Python offers robust built-in plotting tools like matplotlib. However, in this tutorial, we'll focus on using the plotnine package. Plotnine enables the creation of insightful plots from structured data, drawing inspiration from ggplot2 in R and Leland Wilkinson's Grammar of Graphics. Built on Matplotlib, plotnine seamlessly integrates with Pandas, making it ideal for visual data exploration and analysis.

## **Overview**
In this tutorial we look at some of the data on wealth and life expectancy of countries over time used by Hans Rosling, known as gapminder.
The goal is to provide an overview of how to graph a variable (data) depending on its type, introduce some simple 1D and 2D plots constructed using plotnine and provide an outline of the layered grammar of graphics.

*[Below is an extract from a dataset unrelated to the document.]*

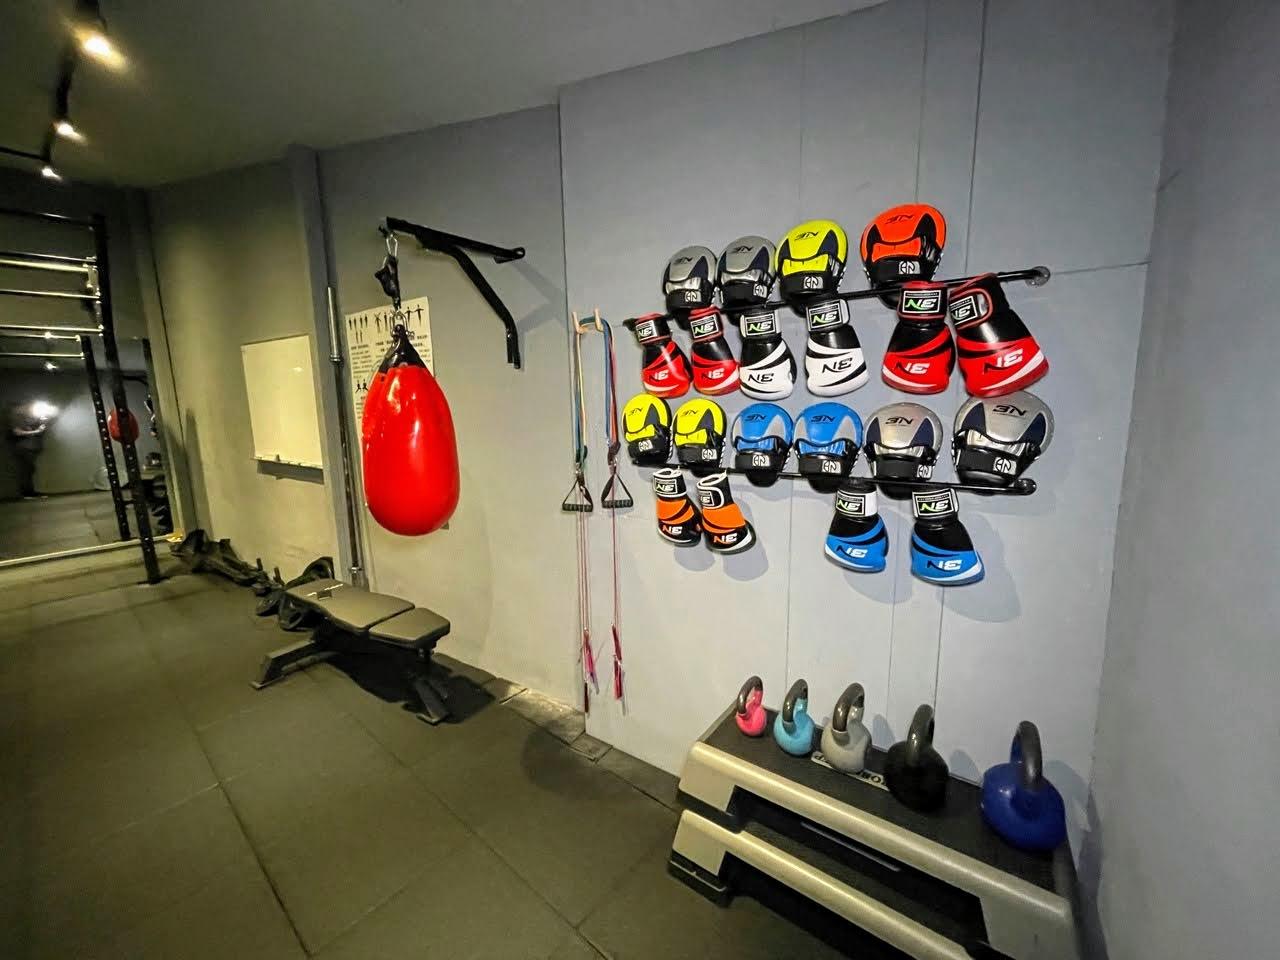 【台南 中西區】8count fitness 意志力體能訓練所 專業體態評估與拳擊體驗課程 培養運動習慣的好地方

## **Learning objectives**
 - Generate plots from data according to their type (discrete, continuous …)
 - Manage plot settings
 - Produce plots from data in a data frame
 - Modify and customize a plot
 - Create complex and fancy plots


### Installing and loading packages

In [None]:
# Loading/installing packages
# !pip install gapminder
import pandas as pd
import numpy as np
from plotnine import *
import plotly.express as px
import plotly.graph_objects as go
from plotly.subplots import make_subplots

# Loading the dataset
from gapminder import gapminder

### Data Structure and Overview
Let's have a look at our data structure.


In [None]:
# Inspecting the data structure
print(gapminder.info())
print(gapminder.head())

It is useful to get some overview of the variables before getting started

In [None]:
print(gapminder.describe(include='all'))

### Trends Over Time by Continent
We will want to look at trends over time by continent. How many countries are in this data set in each continent? There are 12 years for each country. Are the data complete?


In [None]:
# Checking the completeness of data - create a frequency table


## 1D Plots: Bar Plots for Discrete Variables
As we have seen previously during the lecture, the distribution of a categorical variable is better visualized using a bar plot. For example, continent.
With `plotnine`, this is relatively easy.
- we start by mapping the `x` variable to `continent`
- then, we add a `geom_bar()` layer, that counts the observations in each category and plots them as bar lengths.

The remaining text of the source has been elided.